# [PROBLEM TO WORK ON]
Set down exactly the lines running from the one with "Welcome_to_nginx_.png" to the last line of the listing below, both included, and skip every picture.

# [RECORDED DATA]
= = =

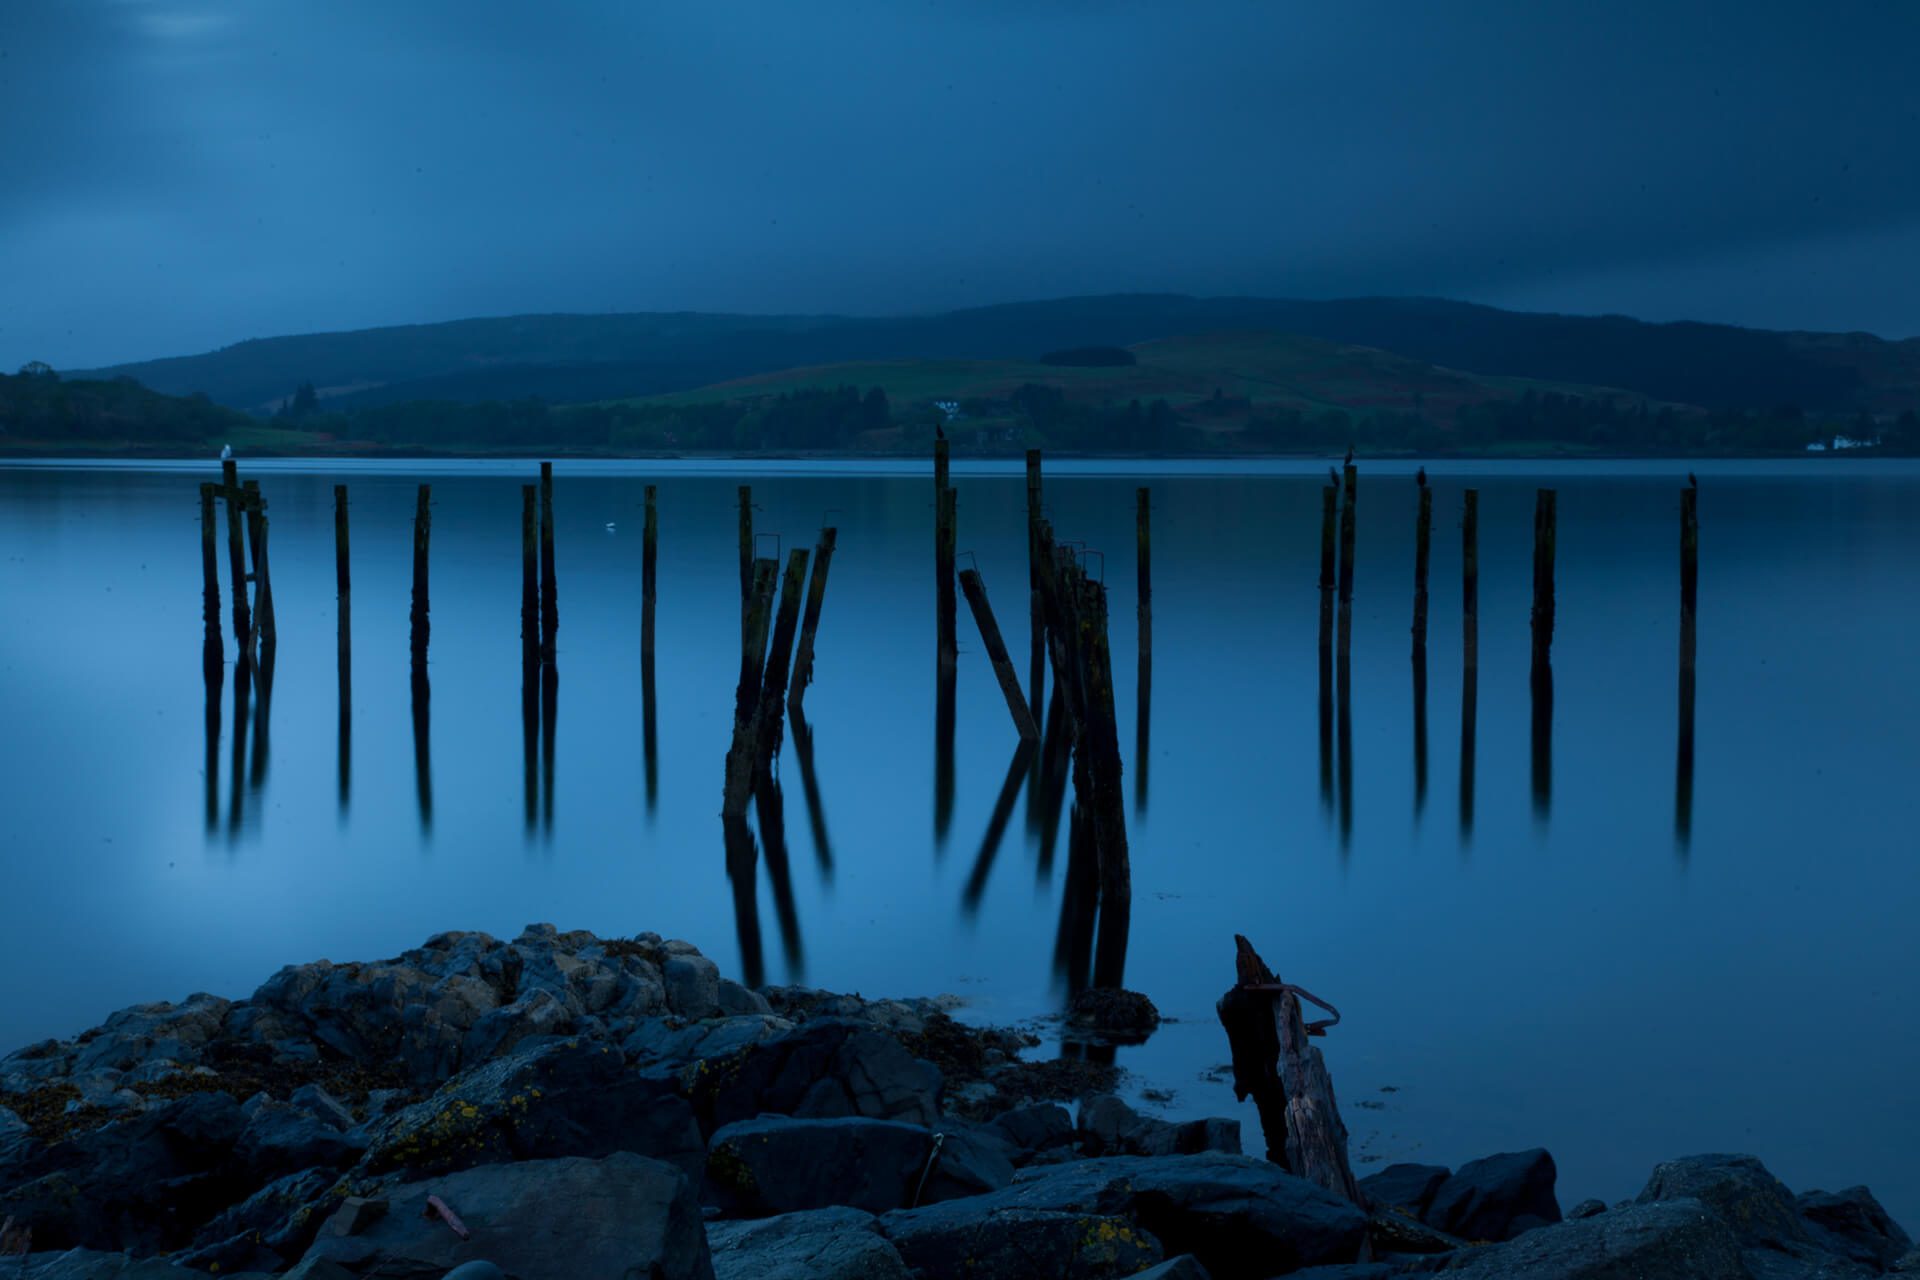 Early morning atmospheric shot of a derelict pier on the Island of Mull.
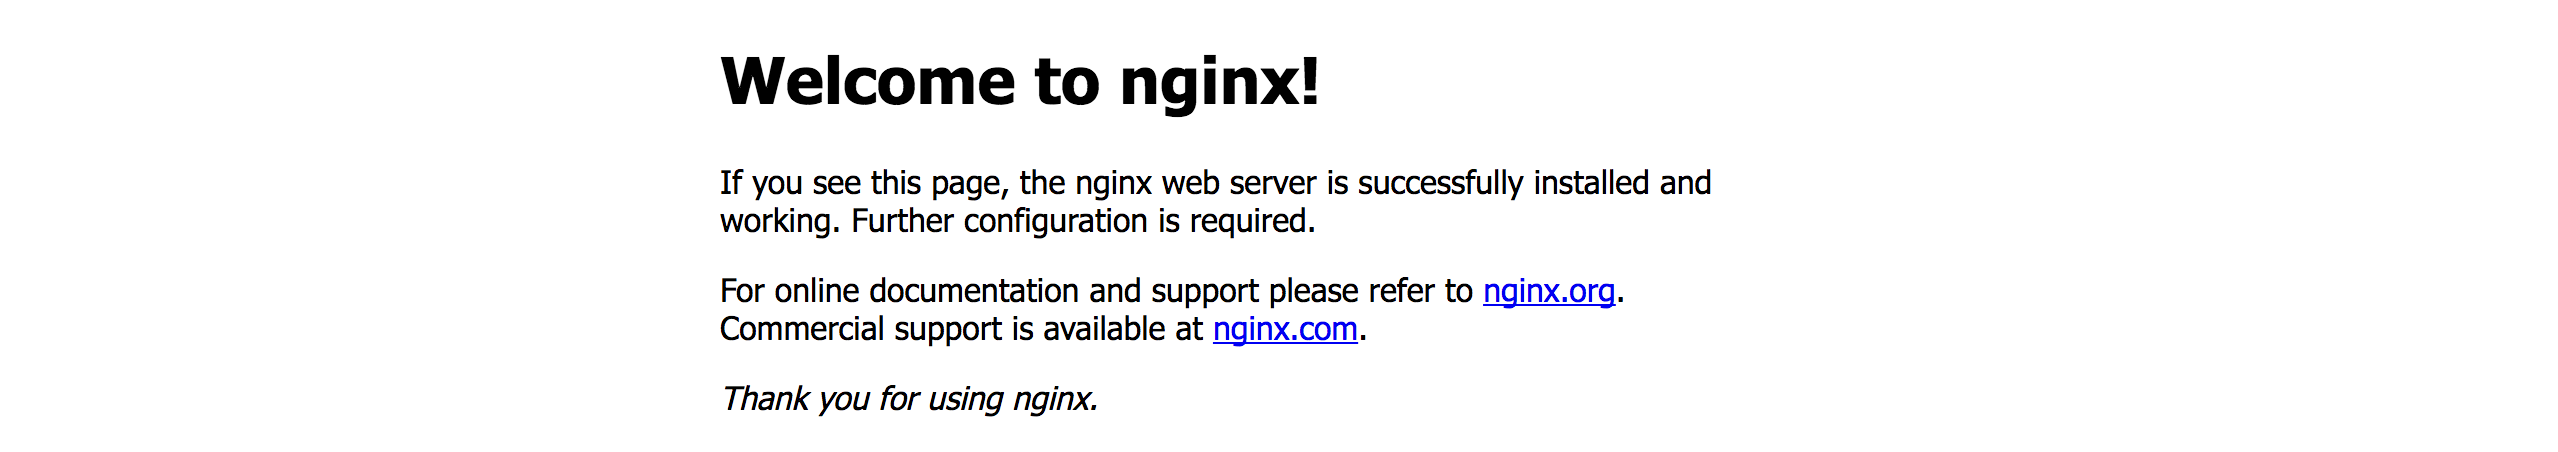 Welcome_to_nginx_.png
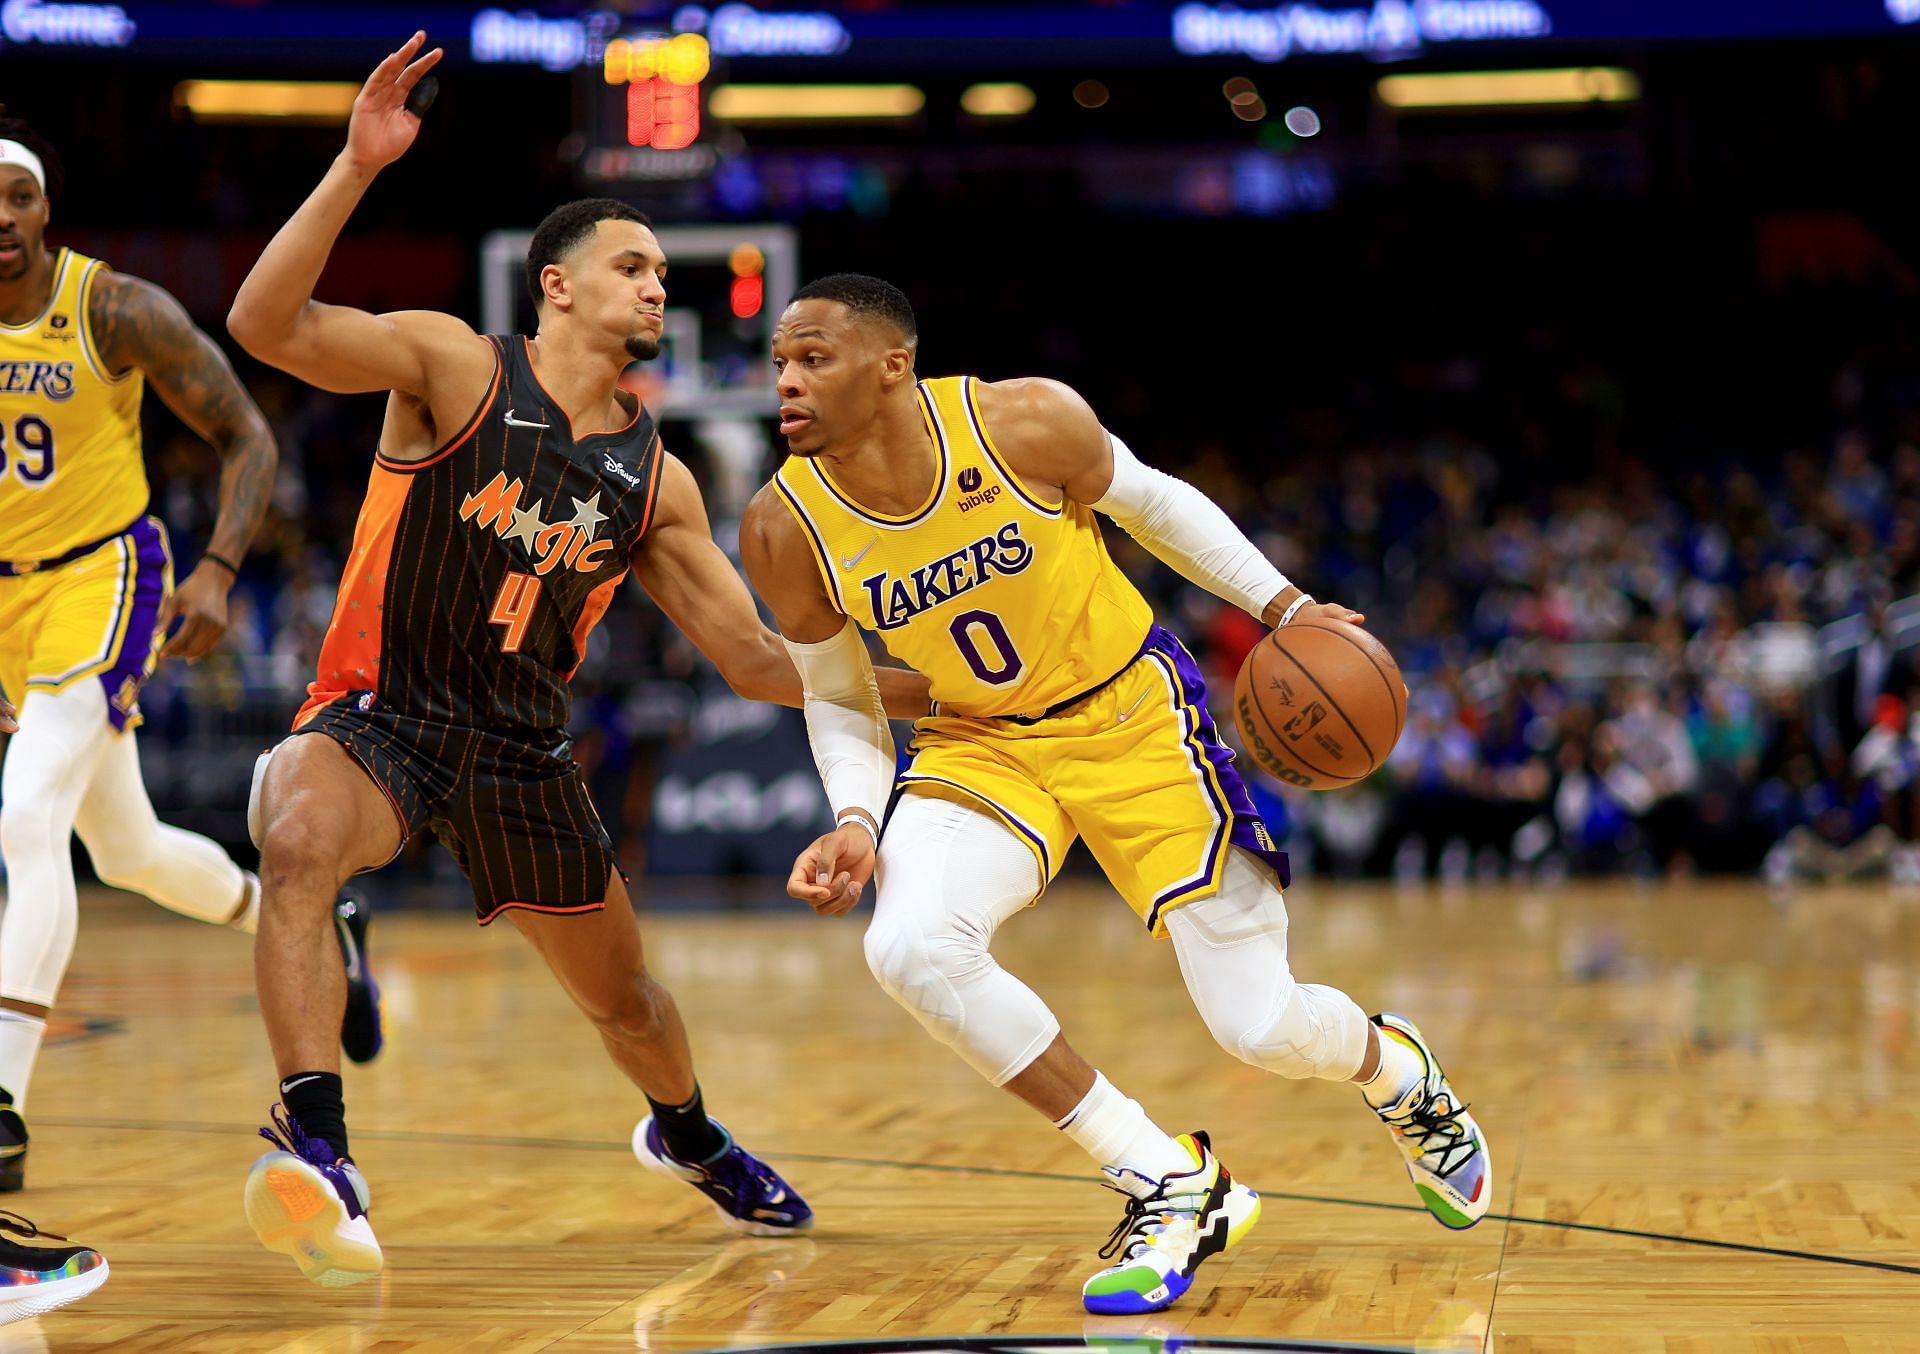 Russell Westbrook #0 of the Los Angeles Lakers drives on Cole Anthony #50 of the Orlando Magic during a game at Amway Center on January 21, 2022 in Orlando, Florida.

= = =

# [TASK SOLUTION]
 Welcome_to_nginx_.png
 Russell Westbrook #0 of the Los Angeles Lakers drives on Cole Anthony #50 of the Orlando Magic during a game at Amway Center on January 21, 2022 in Orlando, Florida.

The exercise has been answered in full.